Our Supreme Court has ruled that prejudgment interest is now recoverable in a breach of contract case, where the contract itself does not fix the amount of damages. Perry Roofing Company v. Olcott, 744 S.W.2d 929 (Tex.1988). The decision applies to all cases now in the judicial process.
As for attorney’s fees, Lone Star’s Admission No. 50 admitted that Scott had repeatedly requested payment for his suggestion., This is sufficient proof of presentment under Section 38.002. Welch v. Gammage, 545 S.W.2d 223 (Tex.Civ.App.-Austin 1976, writ ref’d n.r.e.).
DISPOSITION
For the reasons heretofore stated, the judgment is reformed to eliminate the recovery of exemplary damages. As reformed, the judgment is affirmed.

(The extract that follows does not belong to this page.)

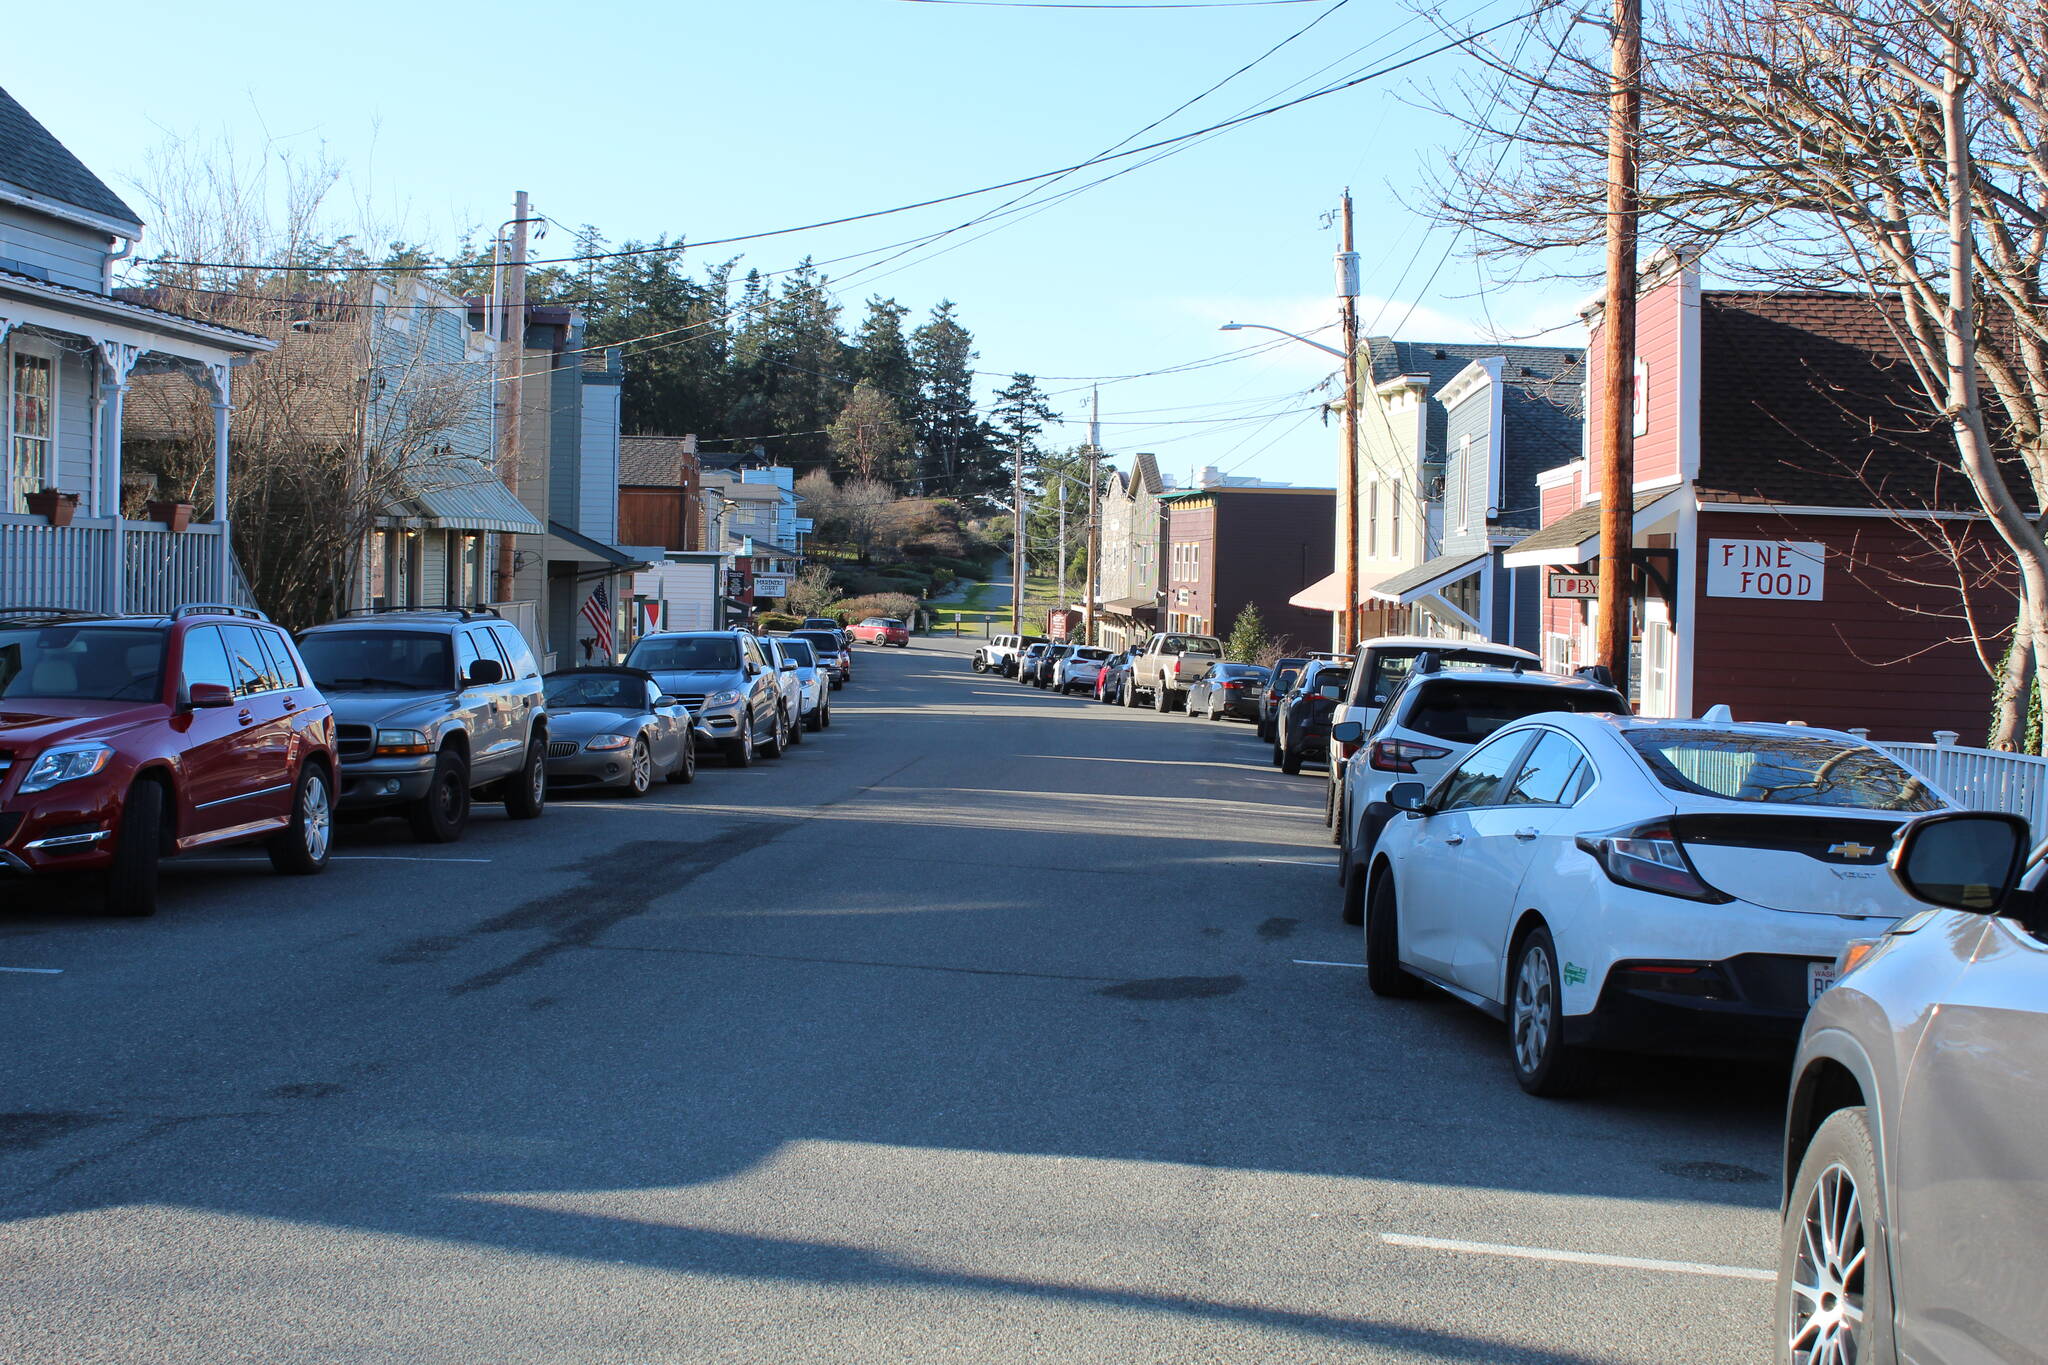 File photo by Karina Andrew/Whidbey News-Times
Coupeville town officials are considering making Front Street one way and adding angled parking to make the historic downtown area more pedestrian-friendly.

. Improper venue cannot be harmless error. Tex.Civ.Prac. & Rem.Code Ann. § 15.064(b) (Vemon 1986). The error here, however, was not improper venue. Venue was proper in Morris County. Tex.Civ.Prac. & Rem.Code Ann. § 15.036 (Vernon Supp.1988). The error here was failure to order a change of venue because of local prejudice. See 3. R. McDonald, Texas Civil Practice in District and County Courts § 10.19 (rev. 1983). Lone Star did not file a statutory motion for transfer at the time of or before answering. Tex.Civ.Prac. & Rem.Code Ann. § 15.063 (Vernon 1986).